Tune in to see what skills, tools, and resources he found to be the most impactful.

Our guest, Eric Kleiman, cut his teeth in a non-Saas role for most of his career. So when he made the jump to VanillaSoft, he saw the SaaS world with a fresh perspective.

Tune in to see what skills, tools, and resources he found to be the most impactful.

Play Video

Key Takeaways

  1. Let’s talk about your previous sales experience. What was it like being an AE in the manufacturing industry? How is it different from what you’re experiencing today in B2B SaaS?

  2. What are some of the biggest challenges involved in switching industries? What habits were the hardest to break/pick up? What came more naturally to you?

  3. Shifting industries means a LOT of learning. I know sometimes people liken it to drinking from a fire hose. What have you found to be the best resources for teaching you the skills to succeed in your new role?

  4. What are some of the skills you’ve had to master quickly in your current role? What do you think are the most crucial skills to learn as an SDR or AE in this space?

  5. It seems like we’re living in the “personalize or get deleted” era of sales. Is that something you saw in previous roles? How have you been learning and adapting your skills to meet this new environment?

Highlights, Notes, and Resources

Biggest Takeaways

🏁 There are a lot of useful insights in your tech stack that, frankly, are being overlooked. These tools can do more than make you more efficient as an SDR.

  • Your call recording software isn’t just for managers to listen in on your conversations – use it to play back your calls for the day and dissect where you can improve and what went well.

  • Your SEP is more than just an automation tool – there is a treasure trove of data in there that you can leverage to work smarter. Look at the best times to connect with your prospects, engagement patterns around new messaging techniques, and what channels work best for specific personas.

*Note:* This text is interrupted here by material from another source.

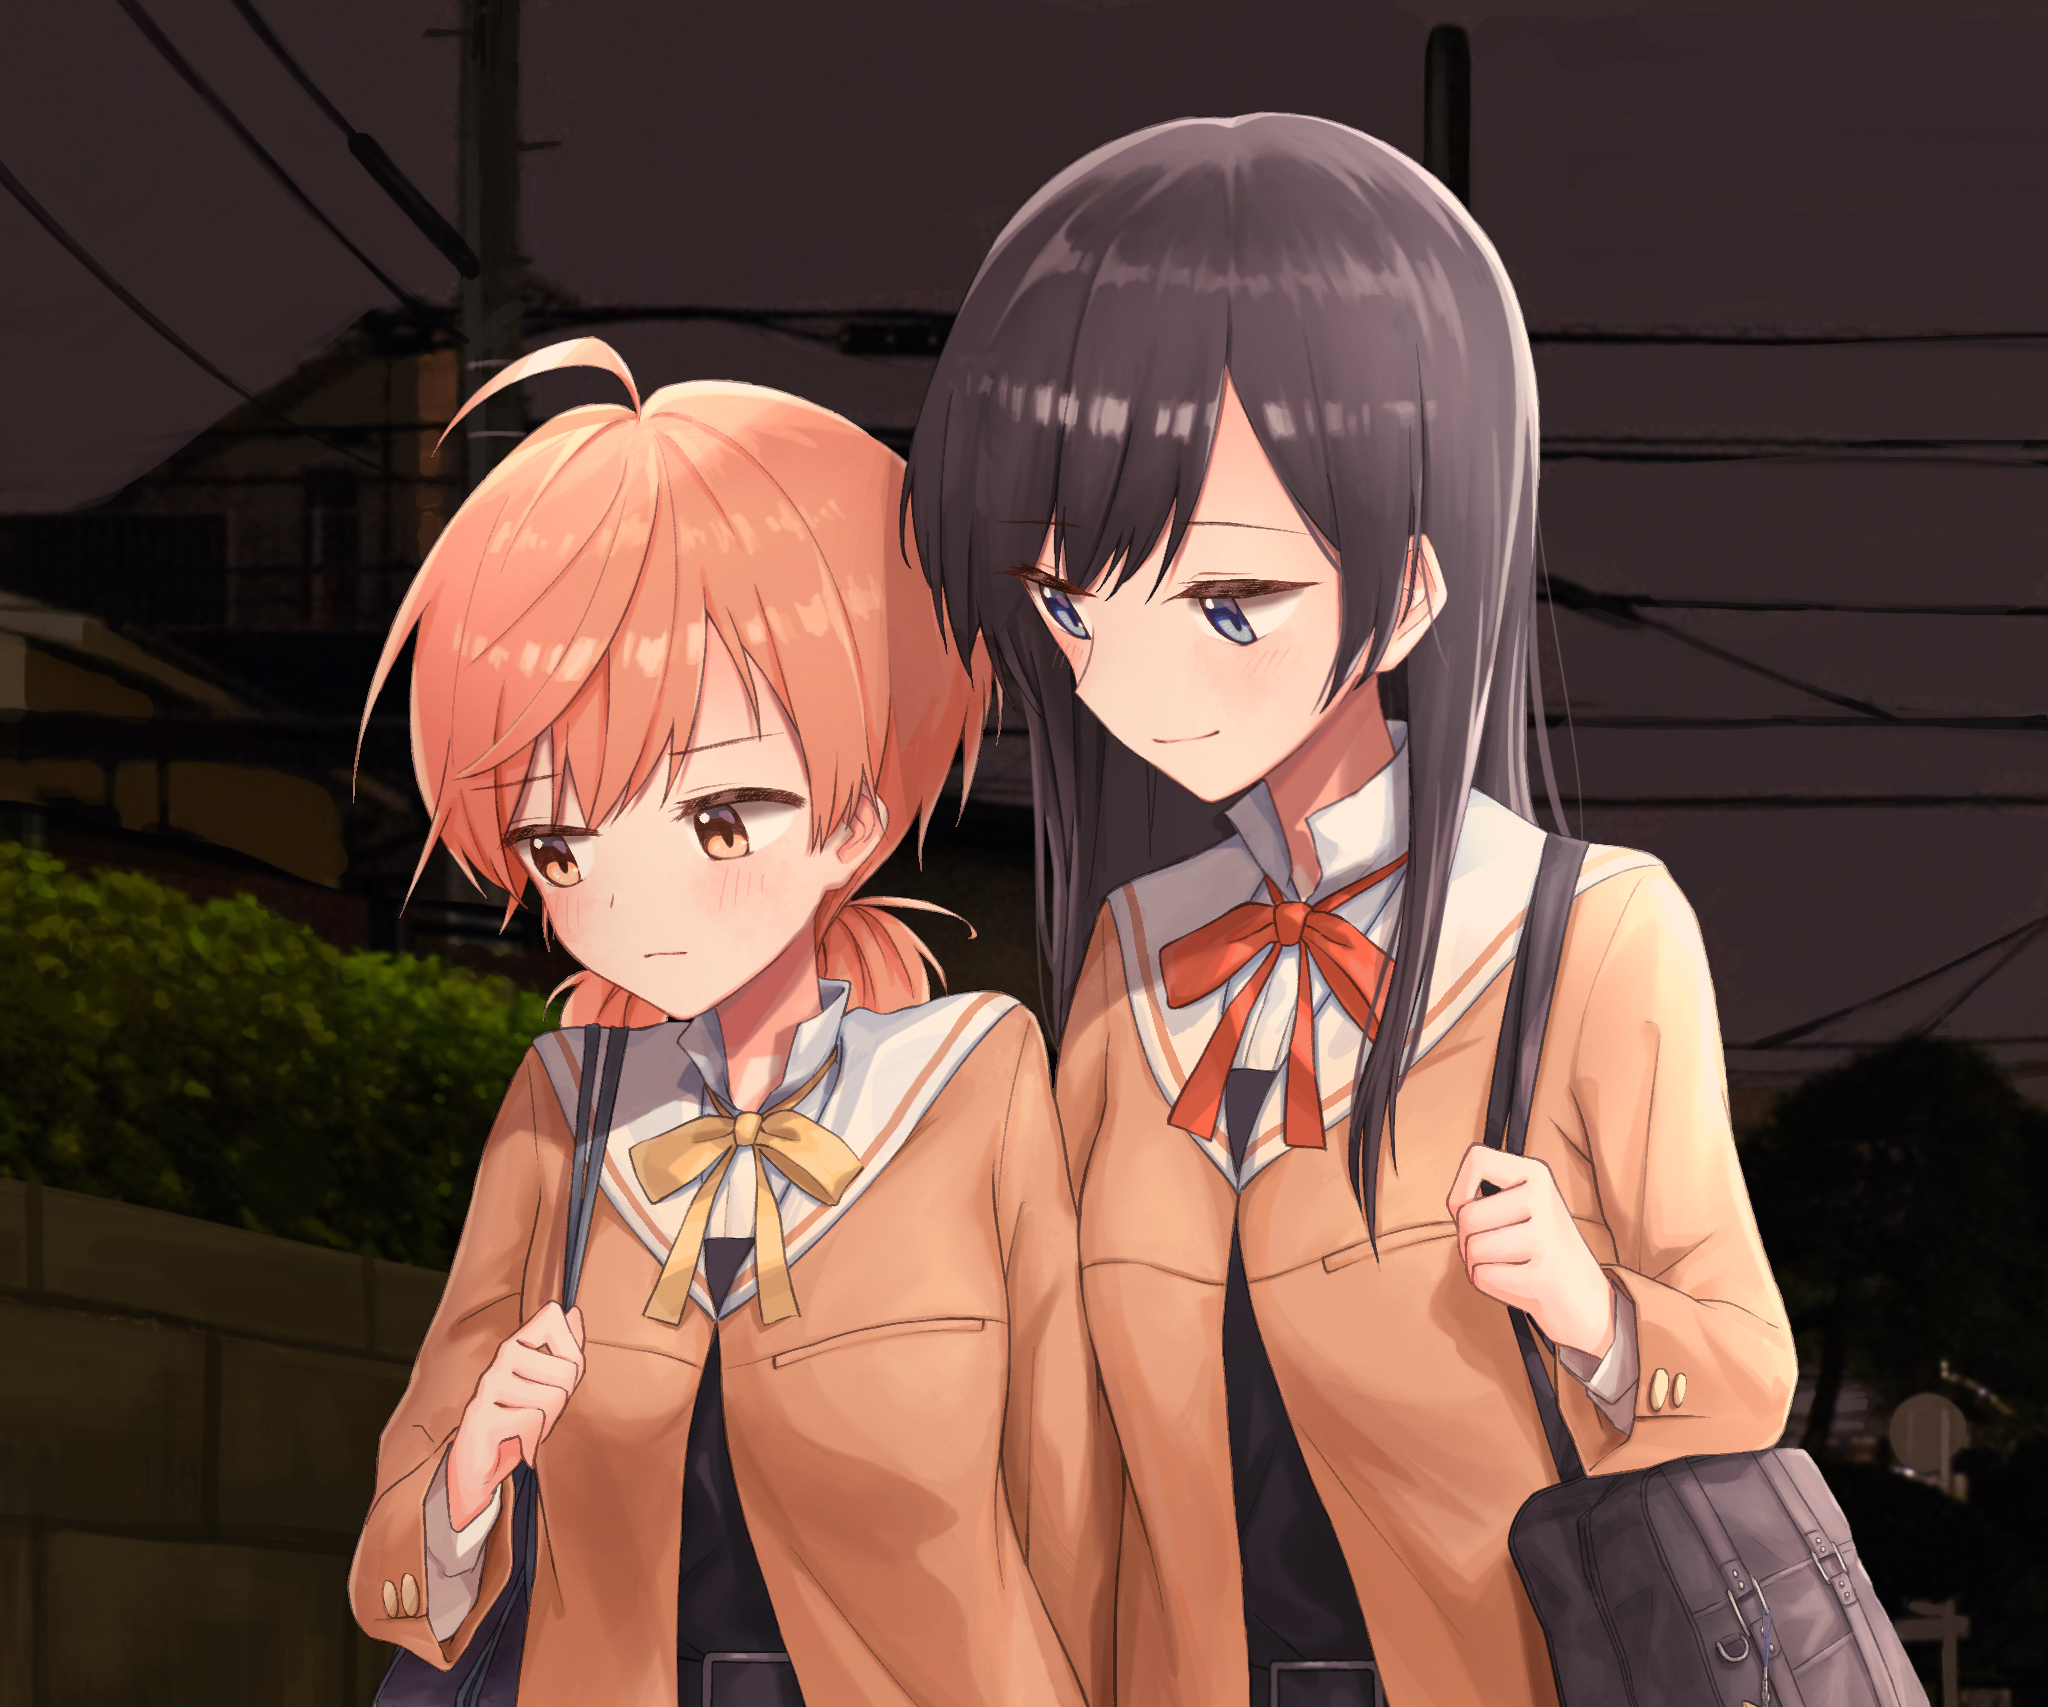 Anime Bloom into You HD Wallpaper | Background Image

🏁 Successful SDRs all exhibit similar qualities. They have a growth mindset, they’re coachable, and they’re not afraid to ask questions. There’s a humility to the role that the best reps tap into and use as fuel for their growth.

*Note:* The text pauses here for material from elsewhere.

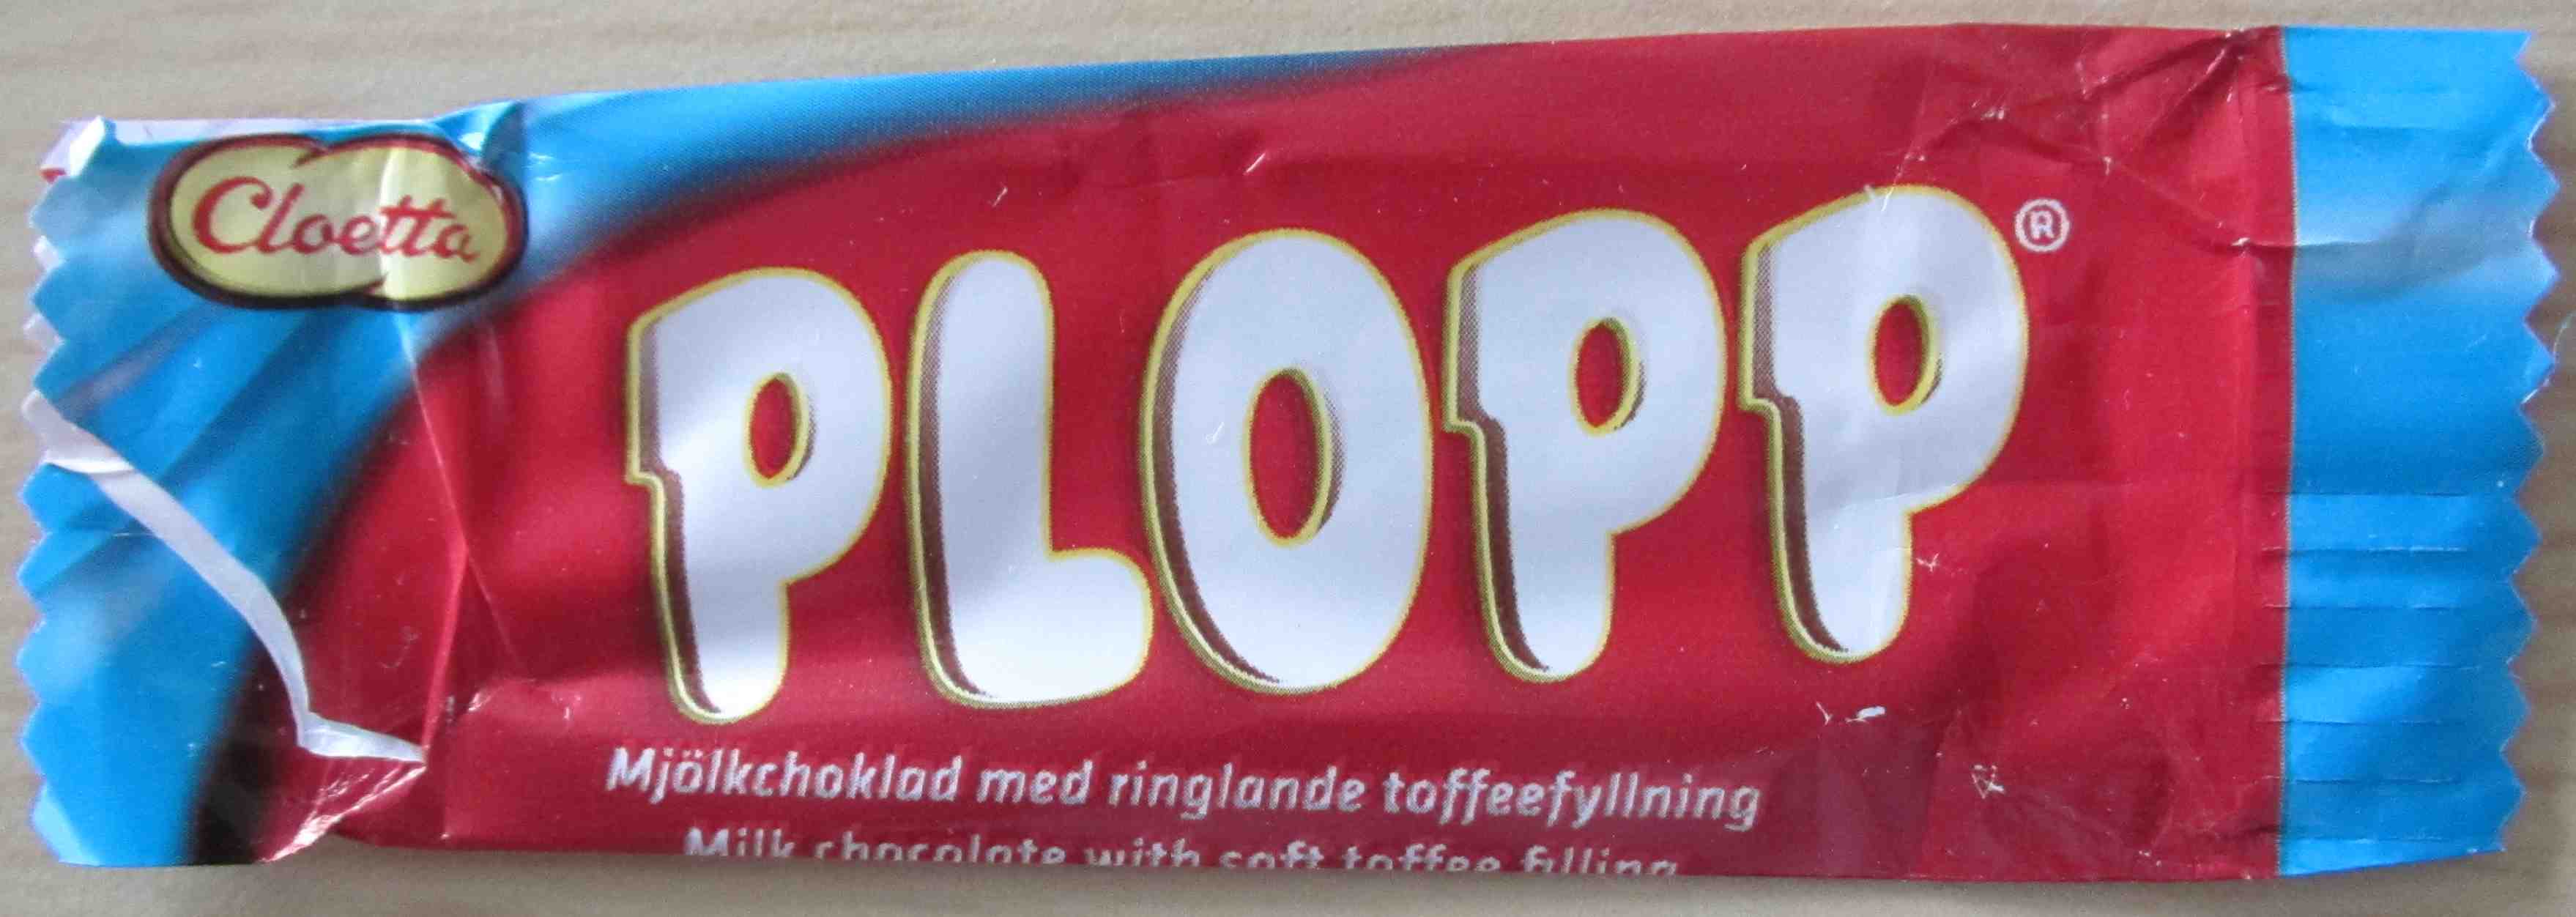 wrapper of the Plopp candy bar I received from Rebecca Rikner

Get more insight into what qualities make up a successful SDR: Hiring Practices eBook

🏁 The amount of resources available to SDRs now is staggering. It’d be a waste if you didn’t take advantage of them. Scroll down to the bottom of this recap to see some of Eric’s recommended resources!

🏁 The best SDRs are on team human. They’ve realized that while you might be a B2B sales rep, the job is very much H2H (human to human). You have to focus on building trust, rapport, and a real relationship with your prospect instead of focusing on the sale.

Conversation Highlights

Note: Timestamps correspond to the YouTube video

(3:43) The SDR <> AE relationship isn’t universal. There are plenty of full-cycle sales reps that do it all. And while it’s cool to be able to “do your thing” as Eric said, there’s a level of support that’s missing here.

The SDR position might be volatile, but dang if it isn’t nice to have. Following up on warmer/interested prospects vs. doing your own cold outreach is almost universally preferred. It’s important to know how to feed yourself, but it’s also important to know how to unlock the potential of your SDR team.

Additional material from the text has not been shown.